The IEEE has now adopted it as the IEEE802.1 standard. This development brings real-time Ethernet capability to chip level to enable cost-effective edge processing solutions to be added to instruments and devices to give them real time Ethernet capability. The AVnu Alliance, working with member companies such as Broadcom, Cisco, Intel, and NI, will drive the creation of an interoperable ecosystem through certification, similar to the way the Wi-Fi Alliance certifies products and devices to be compatible with the IEEE 802.11 standard.

With further development of the IEEE TSN related set of standards, it might be possible to mimic real-time communication performance and some of the safety-related features provided by the combination of both ARINC664 and SAE AS6802, which are applied in critical aerospace applications for example.

Ethernet may also have great potential for use in the energy industry. These applications will require 802.1 to work with other organisations to help create complete standards solutions for the issues they face, such as energy efficiency. Ethernet could be part of the ecosystem that provides better overall solutions.

The new TSN standard will provide numerous benefits, but notably it would improve bandwidth, security, interoperability and latency and synchronisation, over today’s standard and specialty Ethernet protocols.

Bandwidth:

Large data sets from advanced sensing applications such as machine vision, 3D scanning, and power analysis can put a strain on network bandwidth. Proprietary Ethernet derivatives commonly used for industrial control today are limited to 100 Mb of bandwidth and half-duplex communication. TSN will embrace standard Ethernet rates (1 Gb, 10 Gb, and 400 Gb versions are in the works) and support full-duplex communication.

Security:

Most of the lower-level field buses used today achieve security through air gap and obscurity. They are influenced by the automotive industry, for which air-gapped and closed CAN networks carry all the control and operational data. But recent security breaches have exposed the need to fully extend security into the critical lower levels of control infrastructure. TSN protects critical control traffic and incorporates top-tier IT security provisions. Segmentation, performance protection, and temporal composability can add multiple levels of defense to the security framework.

Interoperability:

By using standard Ethernet components, TSN can integrate seamlessly with existing brownfield applications and standard IT traffic to improve ease of use. In addition, TSN inherits many features of existing Ethernet, such as HTTP interfaces and web services, which enable the remote diagnostics, visualisation, and repair features common in IIoT systems. As an added benefit, leveraging standard Ethernet chip sets drives component cost down by virtue of high-volume, commercial silicon, especially compared with specialty Ethernet variants that are centred on lower-volume, ASIC-based implementations.
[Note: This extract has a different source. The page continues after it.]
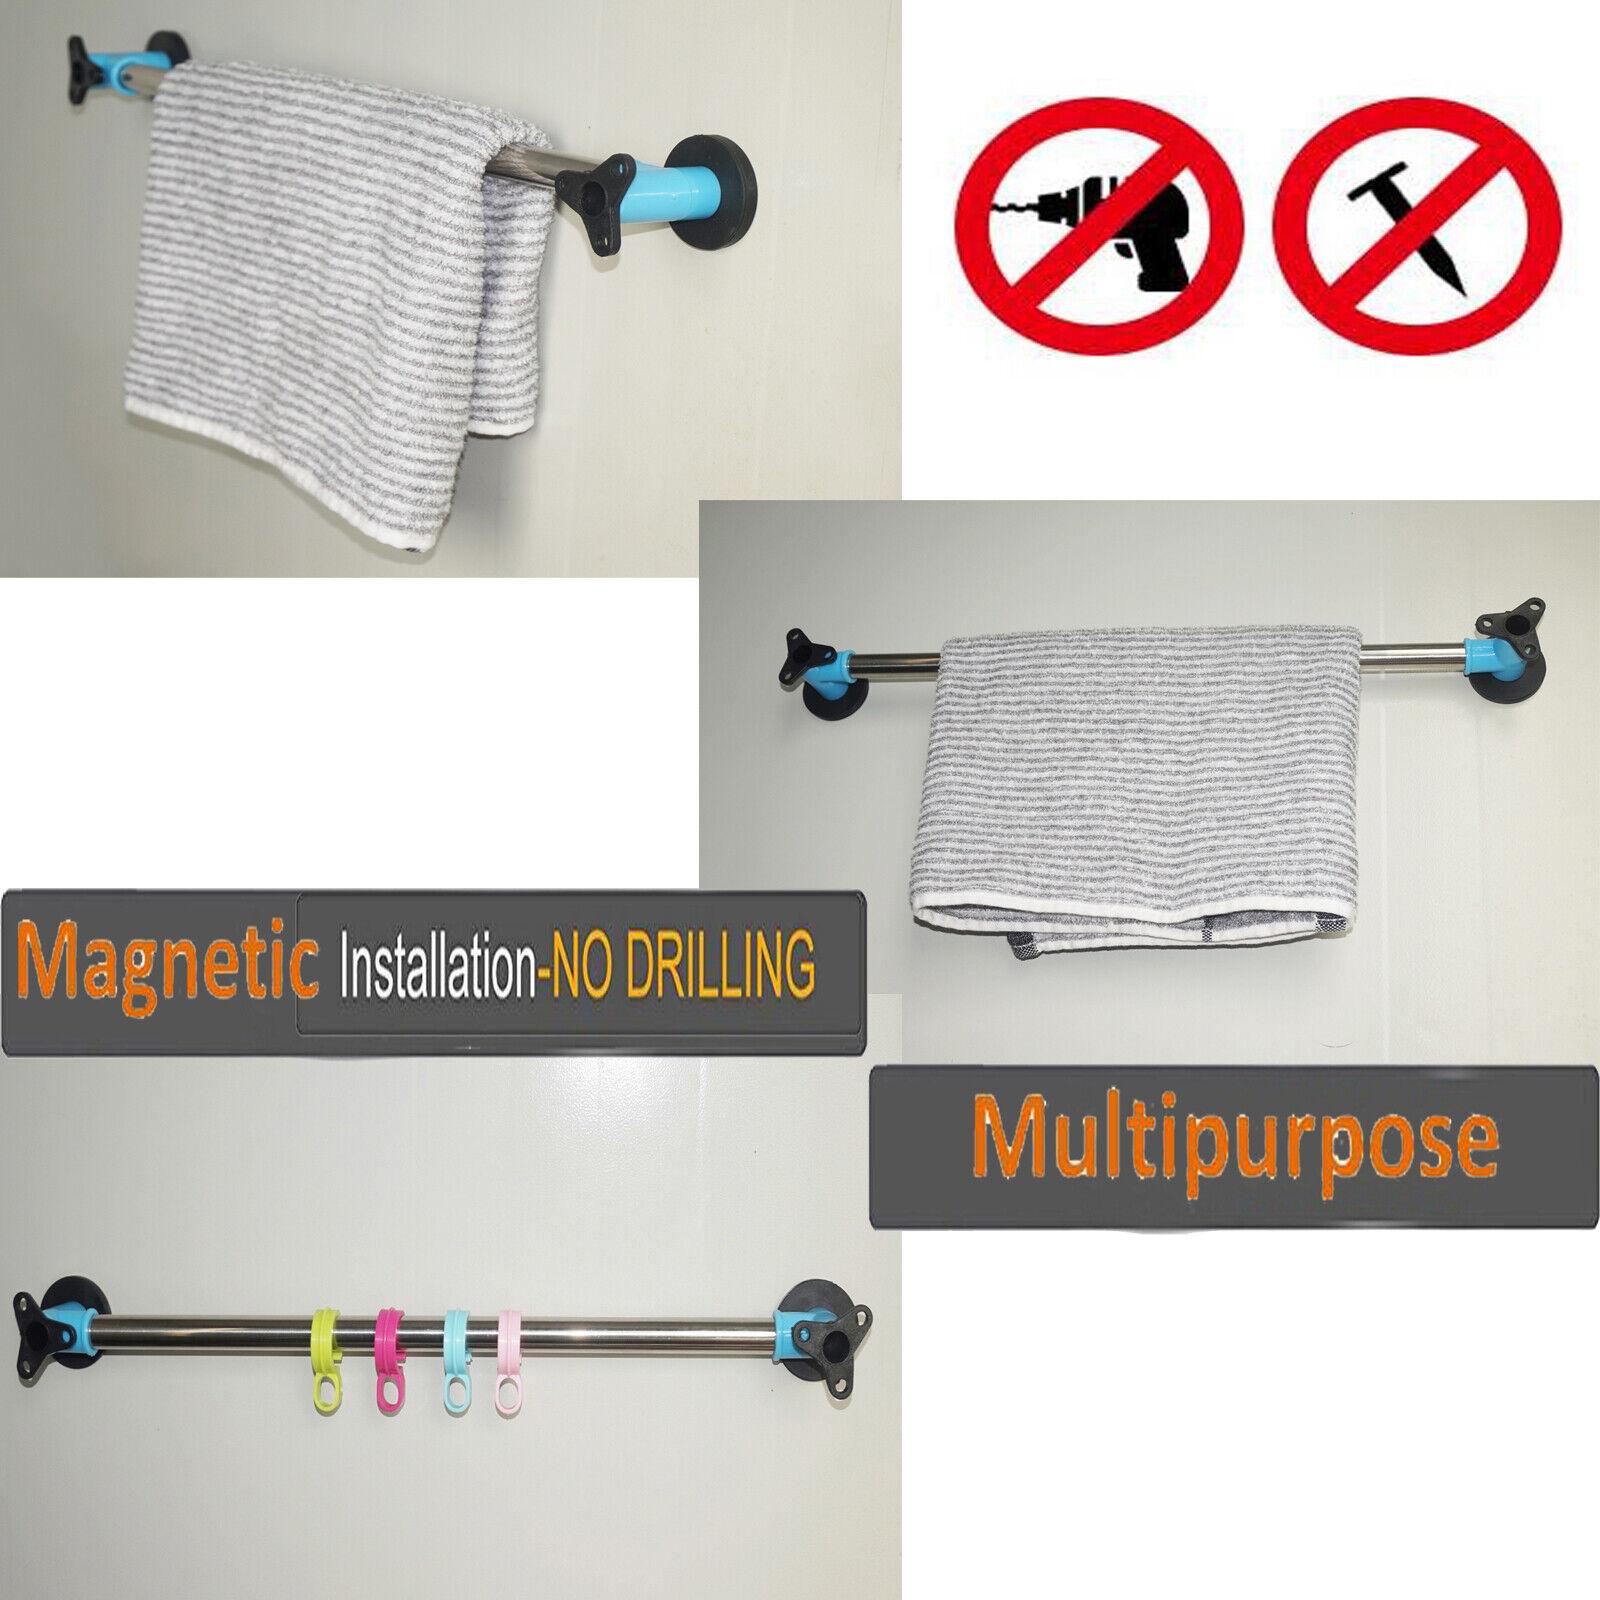 Magnetic Modern Towel Bar,Stainless Steel,for Refrigerator,Kitchen Sink,ironDoor

Latency and Synchronization: TSN prioritizes the low-latency communication required for fast system response and closed-loop control applications. It can achieve deterministic transfer times on the order of tens of microseconds and time synchronisation between nodes down to tens of nanoseconds. To ensure reliable delivery of this time-critical traffic, TSN provides automated configurations for high-reliability data paths, where packets are duplicated and merged to provide lossless path redundancy.
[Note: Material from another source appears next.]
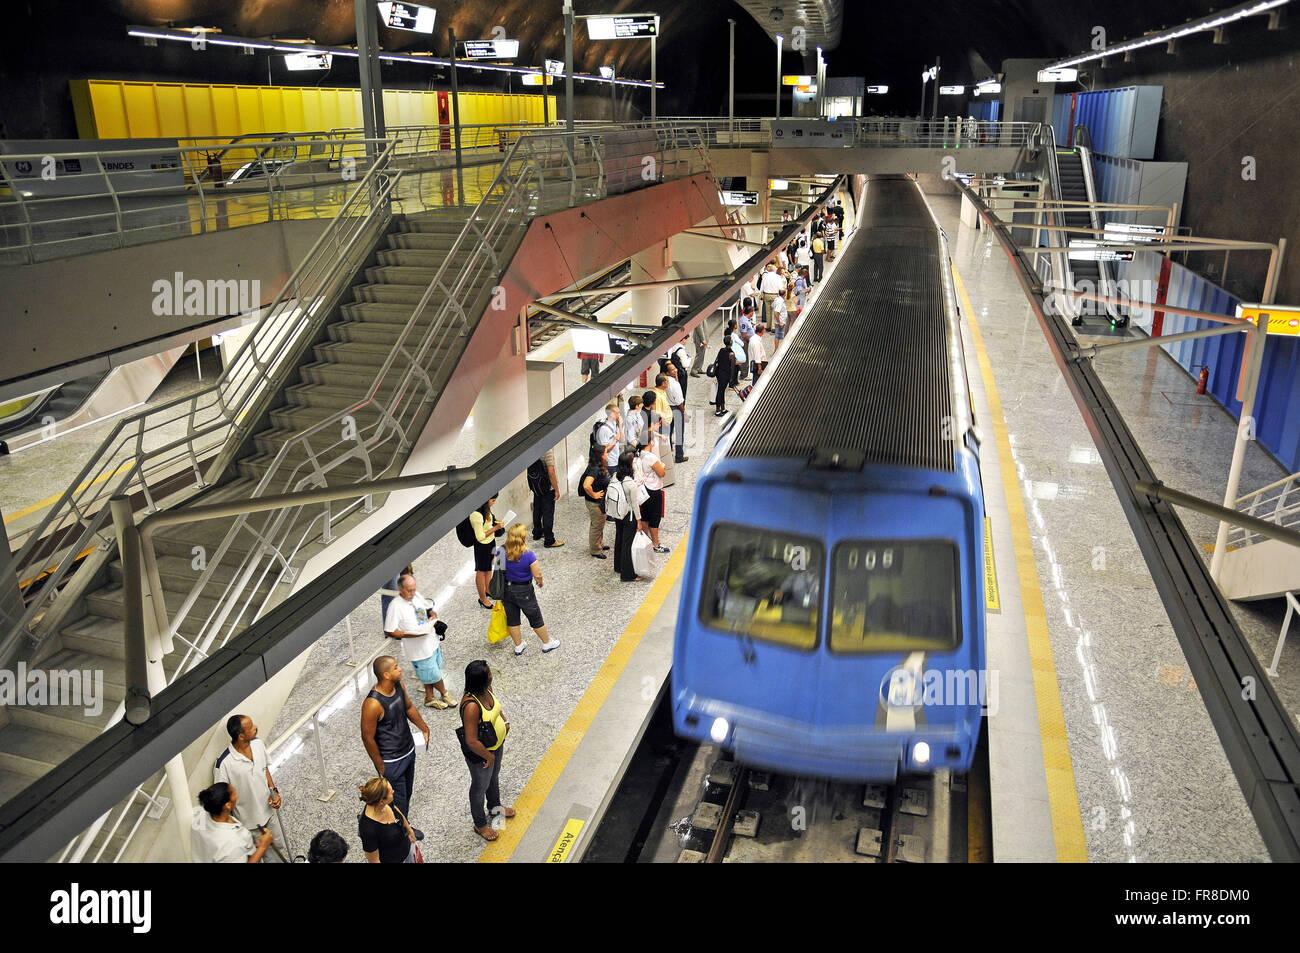 Inside the subway station of the city of Rio de Janeiro - Stock Image

As IIoT adoption continues, increased amounts of data and widely distributed networks will require new standards for sharing and transferring critical information. Just as an ambulance or fire engine receives priority among other traffic during an emergency, the TSN standard ensures that critical, time-sensitive data is delivered on time, over standard network infrastructure. Welcome to life in the fast lane with the IIoT.